The time had come and if I’m honest we have both been ready for it for a little while. It is the natural progress of such affairs, that our children are ours for such a short period of time. I’m reminded of Kahlil Gibran who wrote: “Your children are not your children. They are the sons and daughters of life’s longing for itself.” I have read it obsessively in the weeks leading up to my daughter’s departure, reminding myself that our task as parents is to prepare them for this farewell. A journey that begins the second they are born and the cord that ties us to them is snipped.
Many developmental theorists write about the developmental need for “separation-individuation.” This is the time when the infant begins its journey towards autonomy. It is the mother’s job to support, encourage and let go, whilst remaining present and receptive to the infants need to return. Just like the toddler’s break for freedom, which is quickly aborted time and time again, for the safety of the watchful, waiting, welcoming arms of the parent?
The need for our children to come and go, literally and emotionally throughout life, is a necessary part of growing up. The tussles, disagreements, unfathomable requests, and barrage of challenges we as parents navigate, doing our best to get it right and often getting it wrong. But as D.W. Winnicott said, as mothers we only have to be “the good enough mother” and it’s not the mistakes we make that count but what we do with them that has an impact. I guess if we are able to tolerate without judgment, challenge without devaluation and let go without resentment, then hopefully our little darlings will build the reserves, which they need for autonomy and gain the ability to happily fly the nest.
So as I sit here now, I begin to smile into the crowd.
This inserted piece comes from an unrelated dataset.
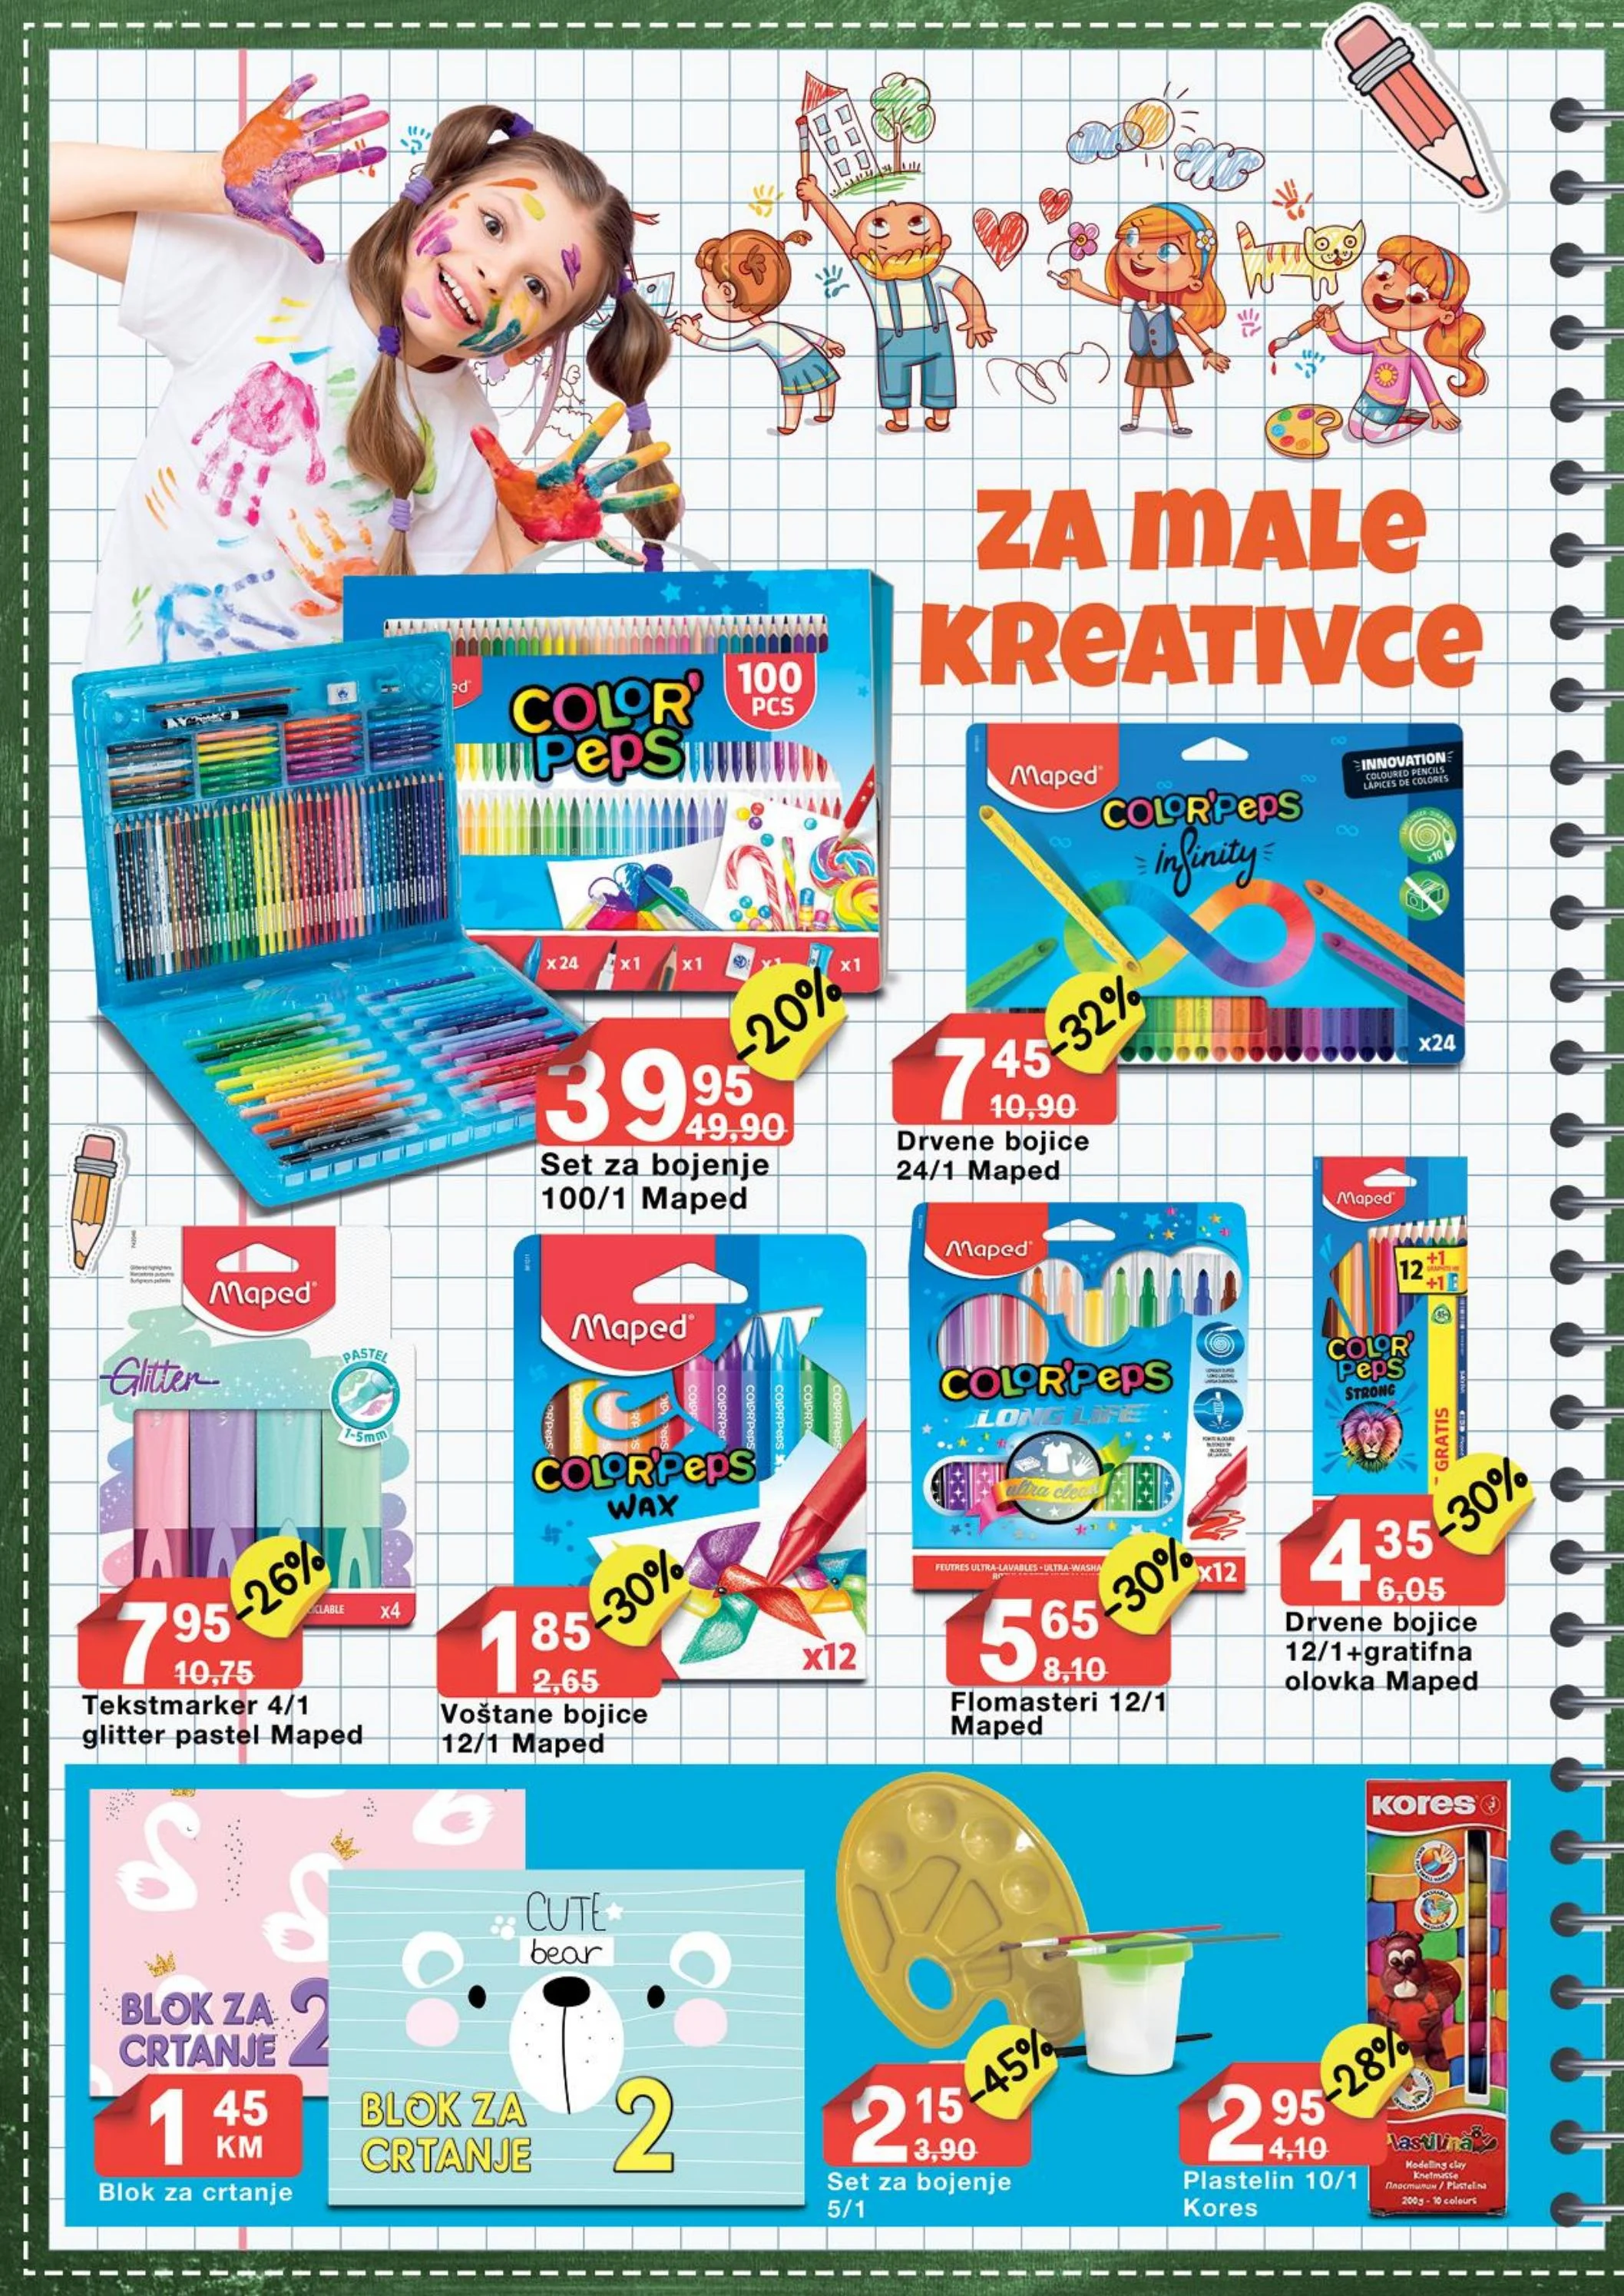 Bingo katalog PREDŠKOLSKA AVANTURA 1-30.4.2024.

I let go of my sadness, my fear, my jealousy and my anger that my lovely daughter is not here. I am able to reflect and feel happy, knowing that she has separated and individuated well enough. She has the reserves helping her to move into her life with confidence and ease. She has the thirst for new experiences giving flight to her wings as she flies the nest for adventure and I comfort myself with the thoughts of the “good enough mother.”